Here is (for example) what one of the resources provides (I got this from Gwyneth Marshall from over in Office:

Language	CodePage	‘Problem’ characters	Comments
German	1252	ß (U+00DF)
French	1252	æ (ALT+0230), Æ (ALT+0198) œ (ALT+0156), Œ (ALT+0140) ç (ALT+0231), Ç (ALT+0199) î (ALT+0238), Î (ALT+0206)	The æ chars are not very common so I included a fourth char î.
Spanish	1252
Italian	1252	Any 3 of à(À), è(È), é(É), ì(Ì), ò(Ò), ù(Ù)	Some features useful in English are useless for Italian. Capitalize the letter “i” in “I” is an example of a feature that must be cut off the Italian version of Word.
Swedish	1252	å (ALT+0229) ä (ALT+0228) ö (ALT+0246)
Brazilian	1252
Dutch	1252	Any 3 of accented characters (vowels)	With the Belgian Dutch AZERTY keyboard layout some characters (e.g. some of those entered with the AltGr key) are sometimes impossible to make, especially for accelerator keys. Sub would like some testing of support of this keyboard layout.
Danish	1252	å (ALT+0229) æ (ALT+0230) ø (ALT+0248)	Sometimes a problem with æ getting incorrectly seperated to a and e
Norwegian	1252	å (ALT+0229) æ (ALT+0230) ø (ALT+0248)
Finnish	1252	å (ALT+0229) ä (ALT+0228) ö (ALT+0246)
Portuguese	1252	Any 3 of á, é, í, ó, ú, à, ê, ô, ã, ç	None of these extended characters tend to cause major problems, but they should not be used as hot keys.
Czech / Slovak	1250	Š (ALT+0138), š (ALT+ 0154) Ť (ALT+0141), ť (ALT+0157) Ž (ALT+0142), ž (ALT+0158)	Characters within the range 0128 to 0159 are often problematic because developers can assume that this range is non-alphanumeric.
Polish	1250	Ś (ALT+0140), ś (ALT+0156) Ź (ALT+0143), ź (ALT+0159)	This characters are mentioned based on the same reasoning as for Czech.
Hungarian	1250	ő (ALT+0245), Ő (ALT+0213) ű (ALT+0251), Ű (ALT+0219)	These CE characters are specific to Hungarian.
Slovenian	1250	Č (ALT+0200), č (ALT+0232) Ž (ALT+0142), ž (ALT+0158) Š (ALT+0138), š (ALT+0154)
Russian	1251	я (ALT+0255) Ч (ALT+0215), ч (ALT+0247) Ё (ALT+0168), ё (ALT+0184) р (ALT+0240)	Because it is the last letter in the codepage.
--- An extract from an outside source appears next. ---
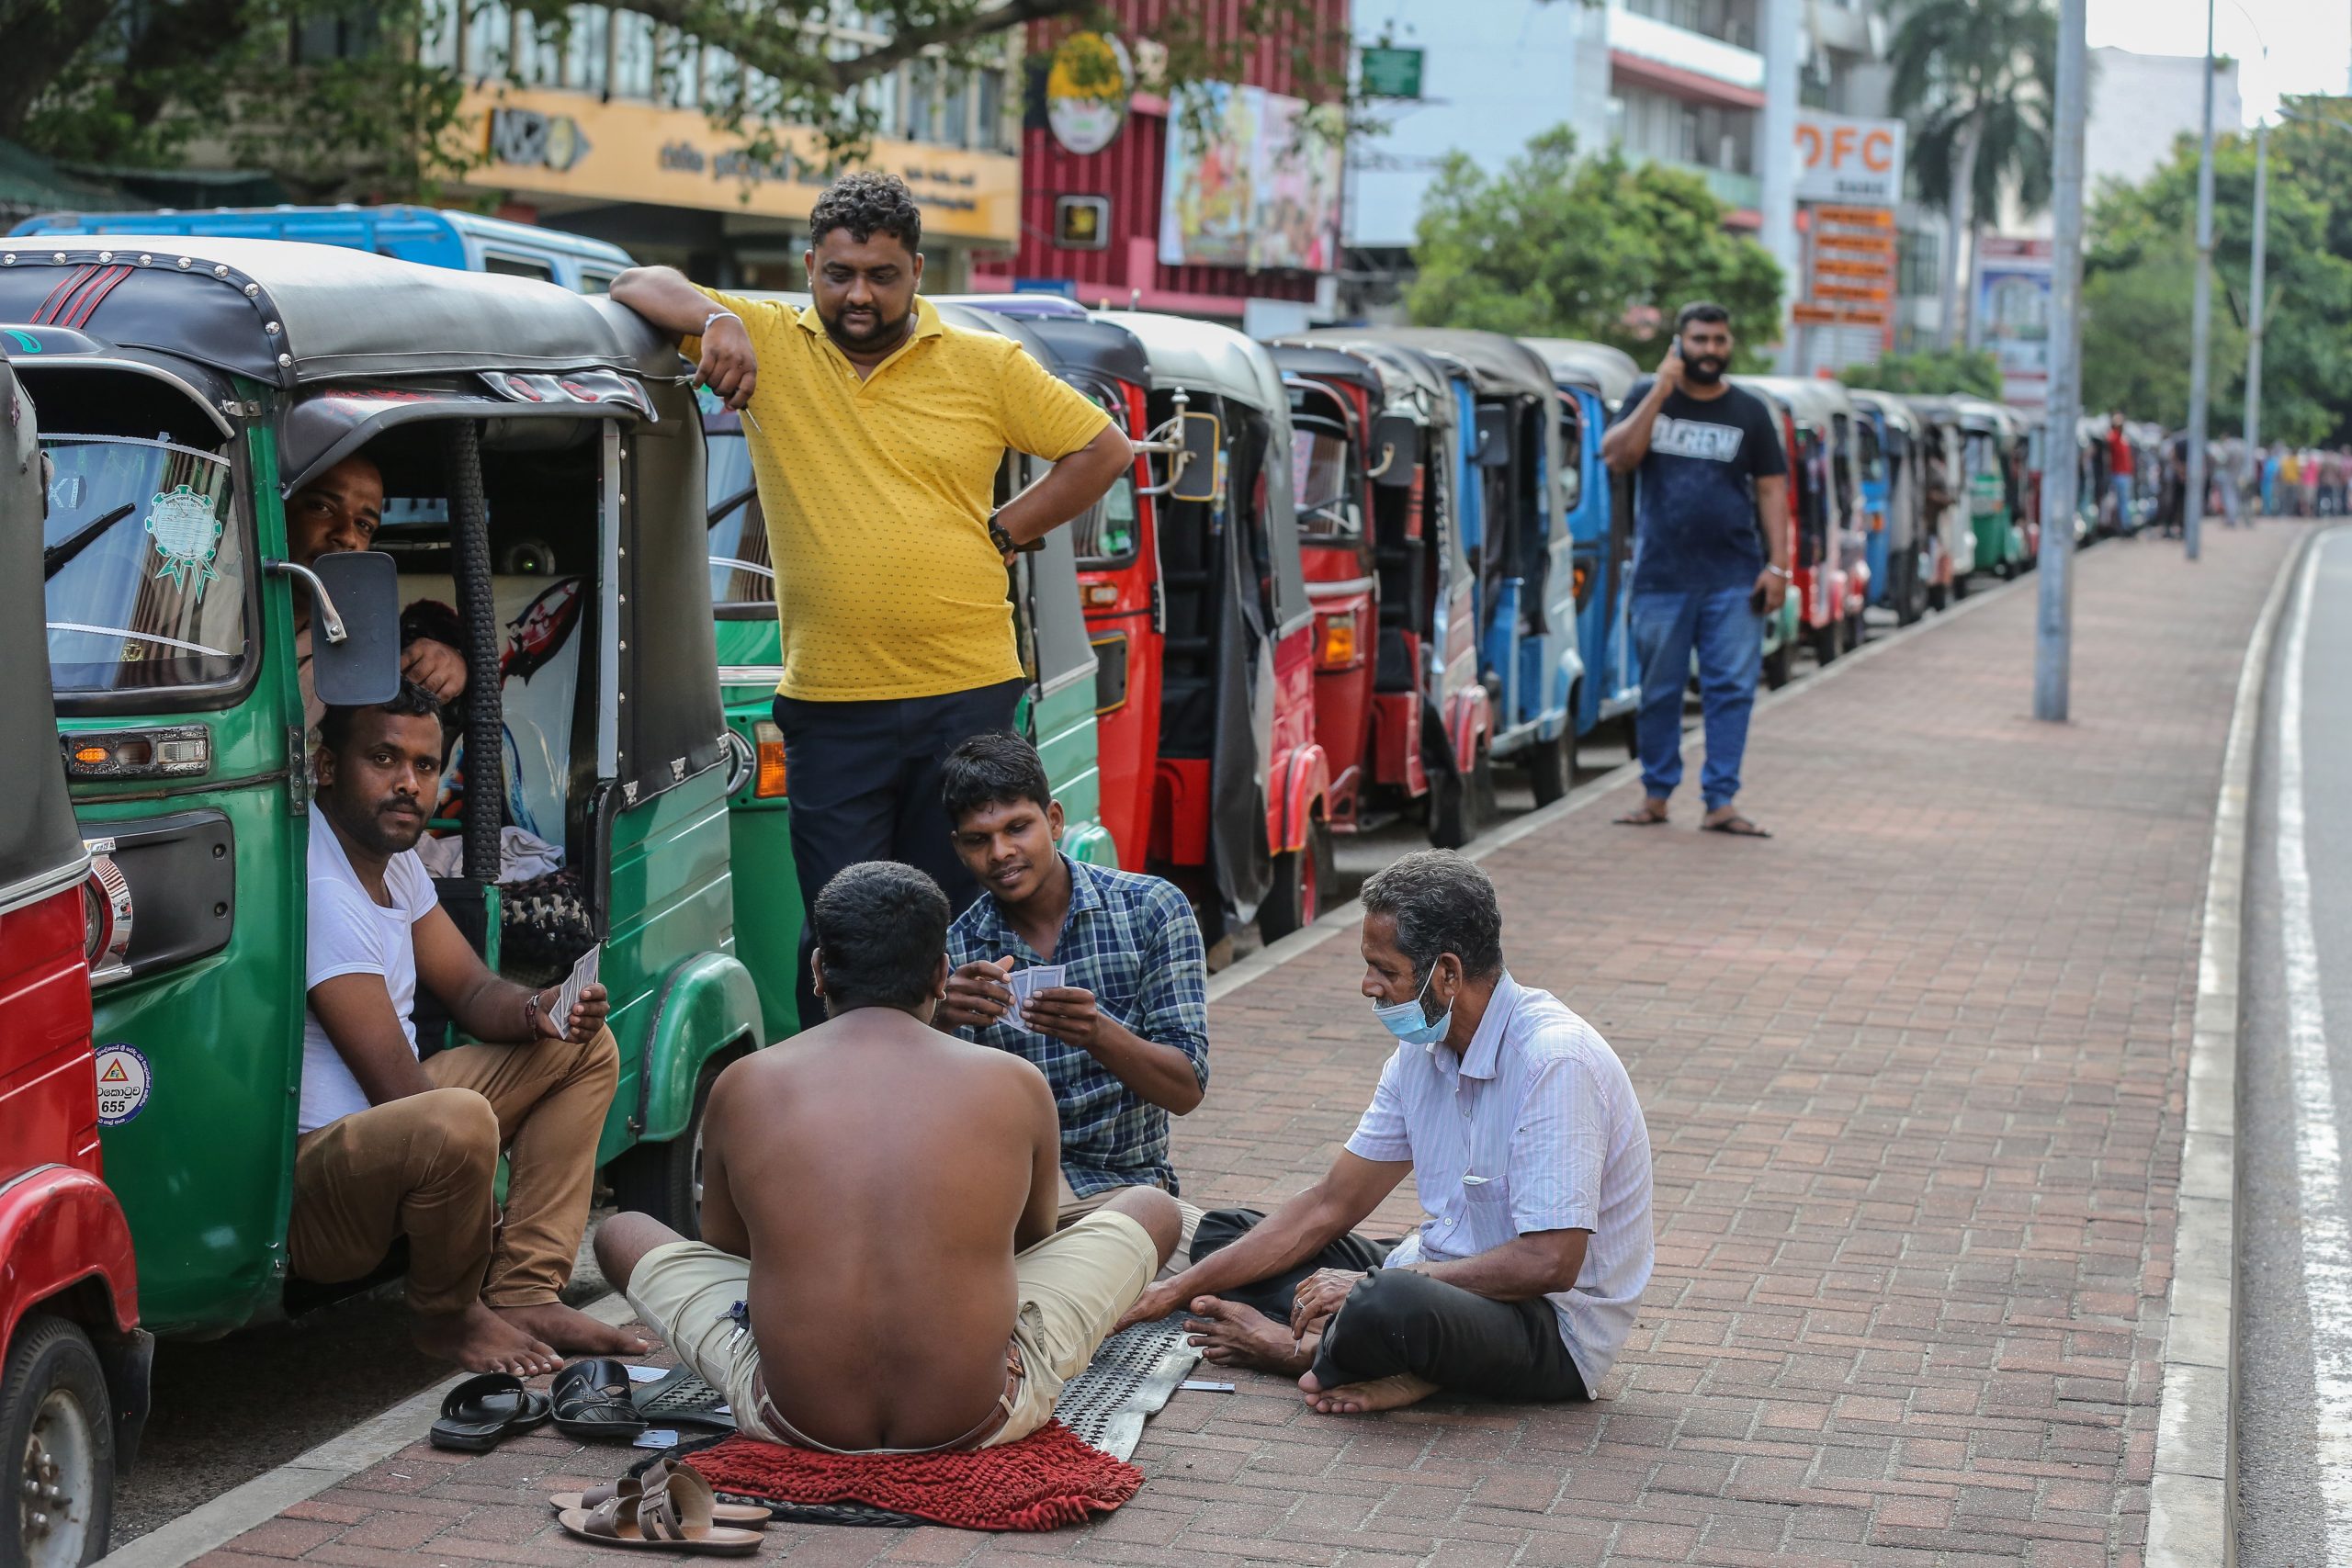 燃油短缺引暴动 斯里兰卡军警开枪平息骚乱

Because CP 1252 has multiplication and division in these places. Because these letters are outside the main range of Russian letters.
Greek	1253	Σ (ALT+0211) – capital letter sigma σ (ALT+0243) – small letter sigma ς (ALT+0242) – small letter final sigma Any of Greek accented characters	Both small sigma characters capitalize to the same capital letter. Final sigma only appears at the end of a word.
Turkish	1254	ı (ALT+0253), I (ALT+0073) i (ALT+0105), İ (ALT+0221) ğ (ALT+0240), Ğ (ALT+0208) ş (ALT+0254), Ş (ALT+0222)	Most of these characters are the only ones that are not in CP 1252 but are in 1254. Possible problems with I would be, setup files staring with I, any registry entries that contain uppercased I, auto upper/lower casing in apps.
Japanese	932	0x5c Characters - ソ十申暴構能 0x5f Characters (DBCS) - 雲契活神点農 0x7b Characters - ボ施倍府本宮 0x7d Characters - マ笠急党図迎 0x7e Characters - ミ円救降冬梅 0x5b Characters - ゼ夕票充端納 0x5d Characters - ゾ従転脳評競 0xe5 Characters - 怜蒟栁ょ溷瑯瑞 (U+745e) ソ (U+30BD)	0x5c characters are the most problematic ones Lead and trail byte are identical. Full-width Katakana or DBCS
Chinese (Simplified)	936	0x5c Characters - 僜刓嘰塡奬媆孿 DBCS Alphabet - ａｂｃｄＡＢＣＤ Random DBCS Characters - 偁偄偙 0x5f Characters - 乢猒峗芲 Mixed SBCS and DBCS Characters - 偁A偄E偆I偊O偍U
Chinese (Traditional)	950	Boundary Characters (First Plane) - 一才中丙禳讒讖籲 Boundary Characters (Second Plane) - 乂氕氶汋纘鼊龤 Mixed SBCS and DBCS - 牷A礜I略U礎E漼O 0x5c Characters (trailing bytes are the path delimiter "\" character) - 尐赨塿槙箤踊 Double-byte alphabet - ａｂｃＡＢＣ 0x5f (DOS reserved char.) - 巢巢巢 0x7c (DOS reserved char.) - 悴矱悴矱 0xe5 (DOS char. used at beginning of file name to indicate that file has been deleted) - 勗脣勗脣
Korean	949	Korean DBCS characters - 가나다라똠푱뜡옺갂韓國 DBCS alphabet - ａｂｃＡＢＣＤ Mixed SBCS and DBCS - 아A이E우I에O오U Boundary characters (0x8141, 0xFDFE) - 갂갂갂詰詰詰 0xE5 (lead byte) - 夜野女語 0xA1A1 (Double-byte space) -　詰　갂
Thai	874	คำ	Two characters to form one character. Two issues to watch for: - Display. The circle should be on top of the character, not off to the right. - Caret movement. One click should jump over the entire cluster, not two clicks.
Vietnamese	1258	Ấ	Tall character

The entry that I found most interesting for the purposes of today's post is the one on Greek:

Greek

1253

Σ (ALT+0211) – capital letter sigma

σ (ALT+0243) – small letter sigma

ς (ALT+0242) – small letter final sigma

Any of Greek accented characters

Both small sigma characters capitalize to the same capital letter.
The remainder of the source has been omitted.